» Activity
The required output is a copy of each line in the material below that includes "Fritz".
━━━ Records supplied ━━━
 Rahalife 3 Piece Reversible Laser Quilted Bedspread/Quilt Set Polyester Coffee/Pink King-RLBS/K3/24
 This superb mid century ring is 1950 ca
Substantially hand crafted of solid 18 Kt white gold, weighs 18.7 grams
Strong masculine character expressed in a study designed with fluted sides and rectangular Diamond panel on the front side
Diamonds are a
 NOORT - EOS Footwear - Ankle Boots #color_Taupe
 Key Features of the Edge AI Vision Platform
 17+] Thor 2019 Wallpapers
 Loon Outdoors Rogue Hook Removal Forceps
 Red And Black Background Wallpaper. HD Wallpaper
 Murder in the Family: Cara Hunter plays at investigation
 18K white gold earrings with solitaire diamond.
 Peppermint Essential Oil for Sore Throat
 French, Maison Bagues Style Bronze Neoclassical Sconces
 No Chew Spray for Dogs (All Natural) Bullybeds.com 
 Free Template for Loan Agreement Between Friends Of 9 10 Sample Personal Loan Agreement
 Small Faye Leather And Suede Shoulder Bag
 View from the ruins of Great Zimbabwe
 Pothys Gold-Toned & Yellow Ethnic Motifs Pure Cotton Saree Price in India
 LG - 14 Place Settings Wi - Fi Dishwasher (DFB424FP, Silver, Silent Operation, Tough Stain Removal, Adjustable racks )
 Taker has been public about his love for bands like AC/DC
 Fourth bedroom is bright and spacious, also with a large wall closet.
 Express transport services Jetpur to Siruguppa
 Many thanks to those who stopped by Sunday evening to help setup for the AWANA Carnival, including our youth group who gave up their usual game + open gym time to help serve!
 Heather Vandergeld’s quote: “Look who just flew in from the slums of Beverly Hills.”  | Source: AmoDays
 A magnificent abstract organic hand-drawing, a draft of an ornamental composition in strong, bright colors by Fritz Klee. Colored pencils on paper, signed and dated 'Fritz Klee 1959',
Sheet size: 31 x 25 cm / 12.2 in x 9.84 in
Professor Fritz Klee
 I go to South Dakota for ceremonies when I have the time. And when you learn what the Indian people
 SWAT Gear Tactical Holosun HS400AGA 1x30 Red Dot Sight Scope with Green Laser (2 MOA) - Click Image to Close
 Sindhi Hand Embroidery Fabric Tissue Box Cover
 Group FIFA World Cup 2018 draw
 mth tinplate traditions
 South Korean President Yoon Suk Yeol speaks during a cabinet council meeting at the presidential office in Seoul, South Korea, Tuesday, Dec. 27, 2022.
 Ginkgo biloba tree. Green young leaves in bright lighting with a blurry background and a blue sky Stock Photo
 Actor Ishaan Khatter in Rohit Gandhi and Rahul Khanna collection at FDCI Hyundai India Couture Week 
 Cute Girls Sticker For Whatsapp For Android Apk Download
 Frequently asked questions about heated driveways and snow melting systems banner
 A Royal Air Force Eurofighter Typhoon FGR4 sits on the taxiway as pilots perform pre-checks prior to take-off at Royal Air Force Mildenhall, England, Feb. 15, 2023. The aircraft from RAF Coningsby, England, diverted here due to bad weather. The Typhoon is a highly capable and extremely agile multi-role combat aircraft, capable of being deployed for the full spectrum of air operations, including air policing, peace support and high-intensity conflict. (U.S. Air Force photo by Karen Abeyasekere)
━━━
» Response to the task
 A magnificent abstract organic hand-drawing, a draft of an ornamental composition in strong, bright colors by Fritz Klee. Colored pencils on paper, signed and dated 'Fritz Klee 1959',
Professor Fritz Klee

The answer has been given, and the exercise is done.